CBC News: Could you summarize the state of relations between Putin and Medvedev's Russian government and the North Caucasus regions?
Since around 2003, the policy has been to pull back most ethnic Russian soldiers, hand off control to local pro-Moscow leaders and declare the conflict won. Now, Chechnya is ruled by an extravagant 34-year-old mini-despot named Ramzan Kadyrov who has near-total control of the region and is enforcing many features of Islamic rule but who is left alone by Putin and Medvedev because he swears loyalty to them.

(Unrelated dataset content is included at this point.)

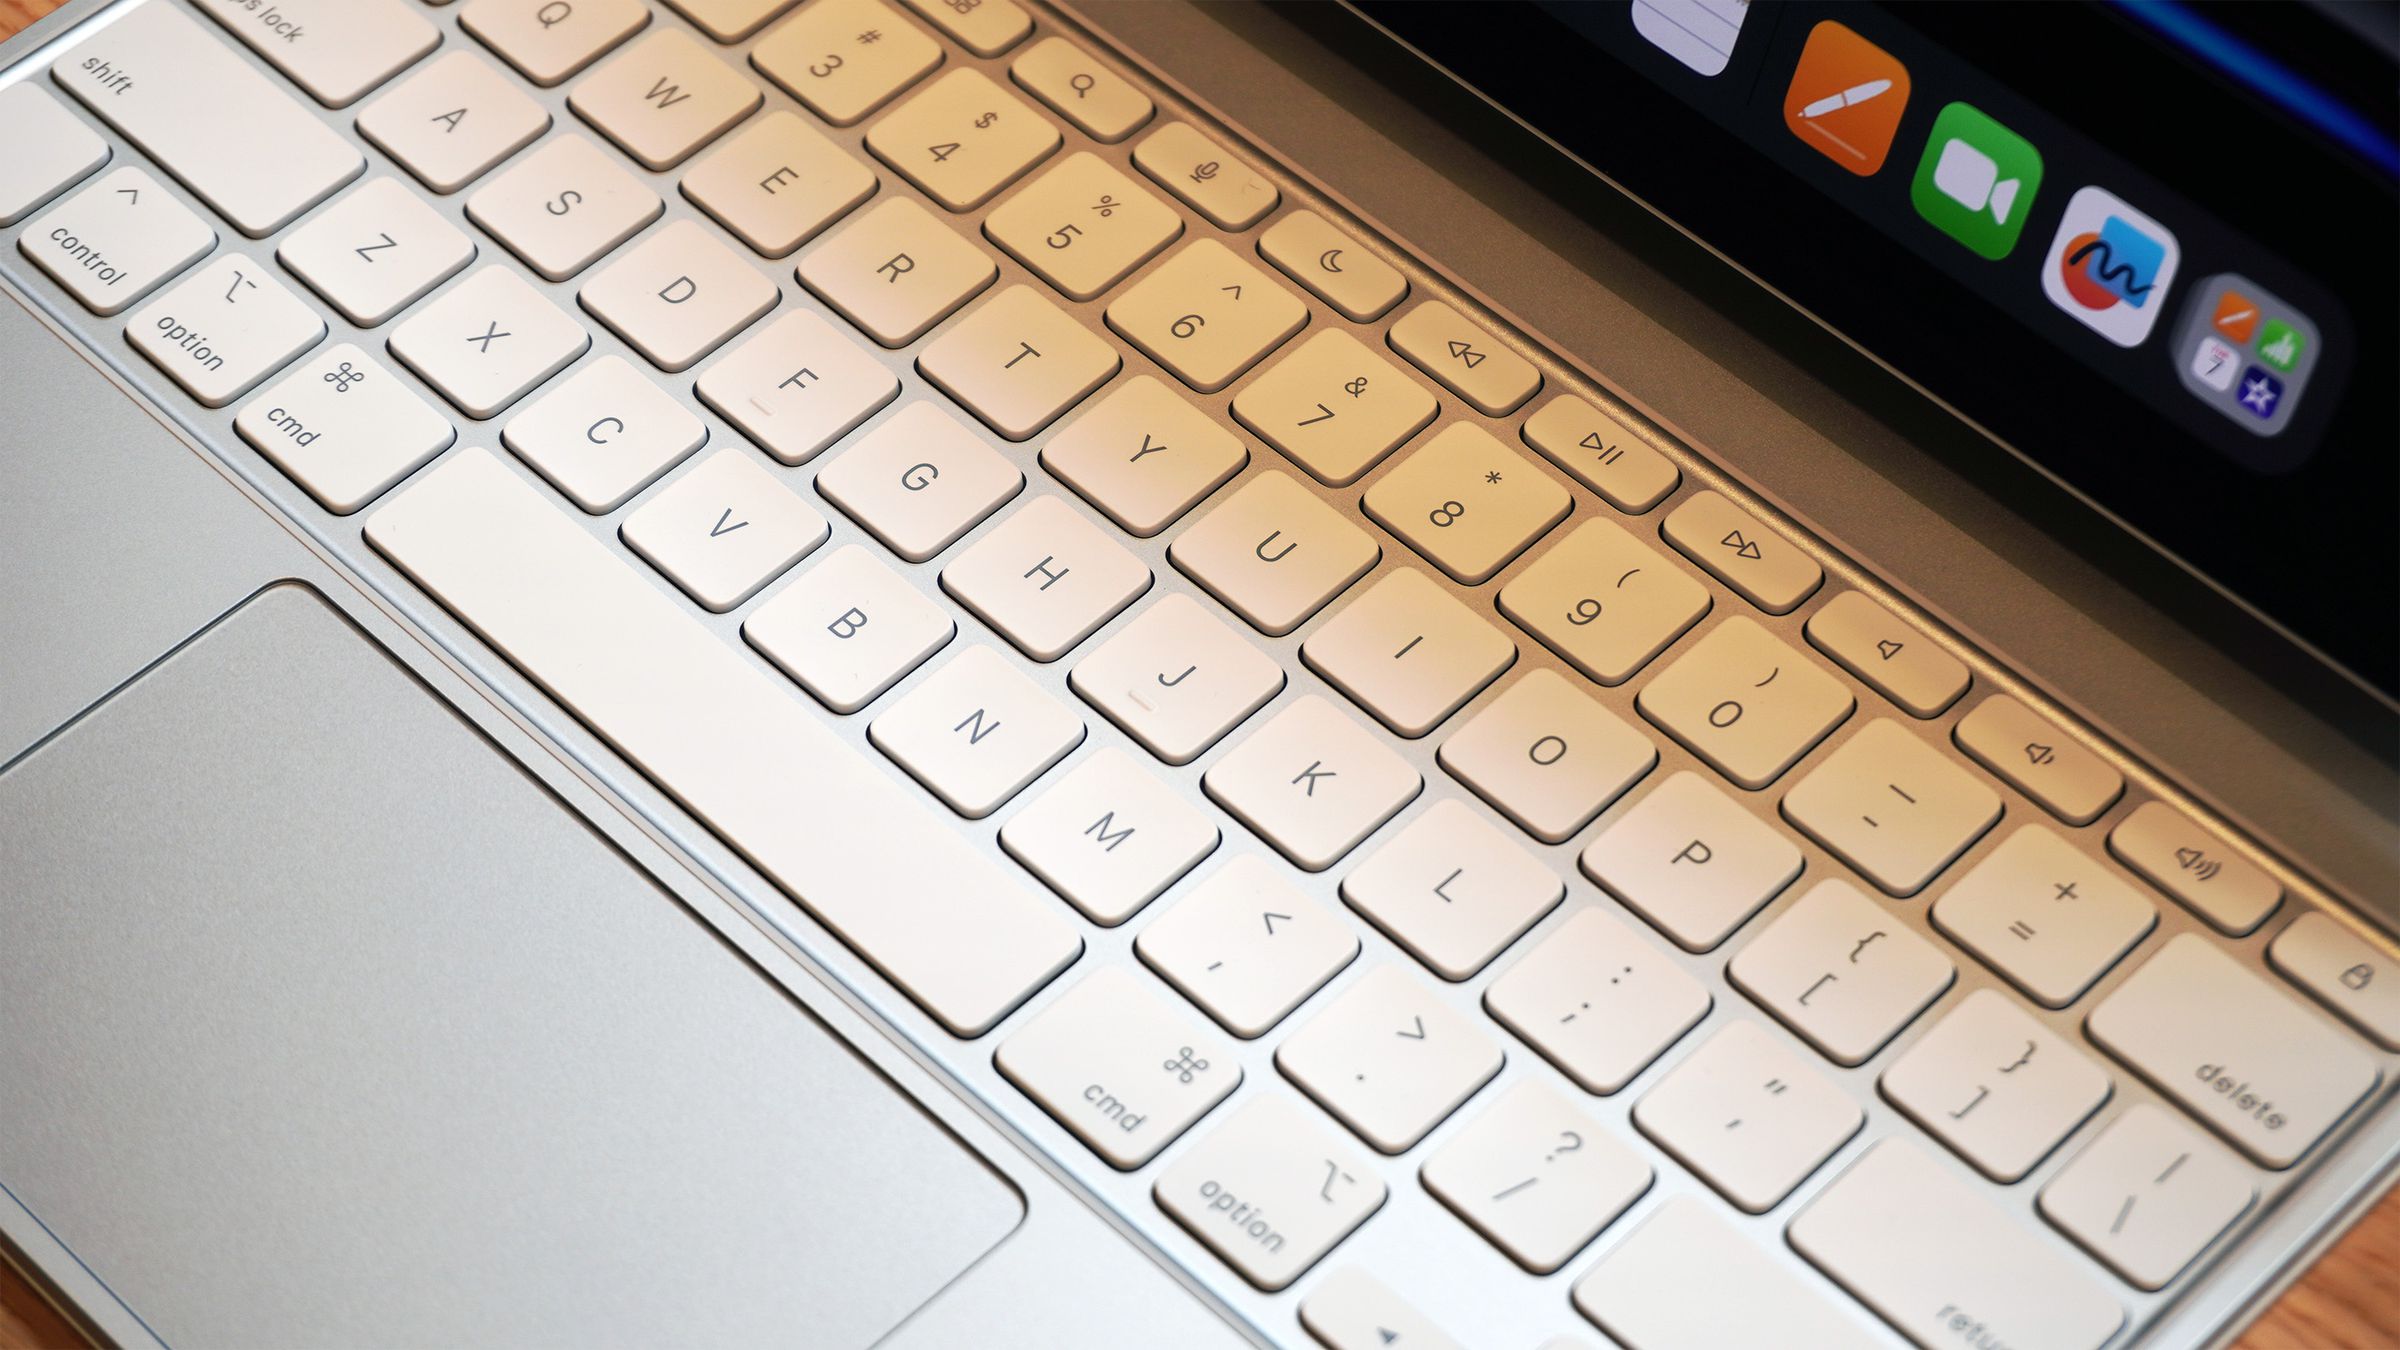 Збільшене зображення клавіатури зі сріблястою верхньою панеллю, білими клавішами та великим трекпадом. Він має функціональний ряд і підключається до iPad Pro.

So, this is very much a case now of the tail wagging the dog, and Putin and Medvedev find it hard to exercise central control over the region.
CBC News: Many people in the West forget about the wars in Chechnya. The situation in that region is still very tense and produces many terrorists keen on revenge. Can you explain this enmity toward Russia.
This is a region with a long history of conflict with the Russian state, stretching back into the long colonial wars of the 19th century when the tsars sought to conquer the mountains of the North Caucasus and the Islamic peoples who lived there and resisted them.
In 1944, Stalin deported four of the nations of this region en masse — down to the last child and infant — to Central Asia, killing tens of thousands of people in the process. They were only allowed to return home in 1957. The Chechens were the largest of these national groups. So, there is a difficult history there. Having said that, I believe war could have been avoided in 1994 if the then government of Boris Yeltsin had met the Chechen pro-independence movement halfway, not granting them full independence but giving them proper respect for their national aspirations.
CBC News: The Jan. 24 attack, many say, was targeted at foreigners. How might it been an attempt to humiliate the Russian government internationally?
The tactic of the militants, like many other terrorist movements, is to remind their enemies in as graphic and bloody a way as possible that they exist. They say, 'You can succeed many times, but we only need to succeed once.' And the problem for Russia is that it is so big, so multi-ethnic and so corrupt that it is impossible to monitor all possible suspects and to maintain absolute security in all public places. The rather depressed look of the Russian leaders must reflect their sense of powerlessness in the face of this problem.
CBC News: The 2014 Winter Olympics in Sochi are meant to be a showcase for Russia. How might attacks like this and last year's metro bombing impact the execution of those Olympics?
The 2014 Sochi Olympics are a big challenge for Russia, being held on the Black Sea coast not far from the ongoing violence of the North Caucasus. That is a huge security headache, and I don't believe they can cope with it without enlisting very extensive international support. But there is no way that Russia will back out of the Olympics now. For better or worse, everyone involved has a stake in making them work.
CBC News: Is there a resolution to the conflict in the North Caucasus or is there too much ill will now directed at Putin's and Medvedev's policies in the region and against nationals of that region?
There is certainly no short-term solution to the ongoing violence in the North Caucasus. The best thing that can be said about the conflict is that the militants do not enjoy widespread support. Most of the population is not so radical and wants to get on with their lives.
But there is now what looks like a permanent radical minority who have the means and the will to carry on perpetrating acts of violence and terror like this. And it will take years, if not decades, to make the region more stable and economically viable to persuade marginalized people that it is not worth their while joining the insurgency.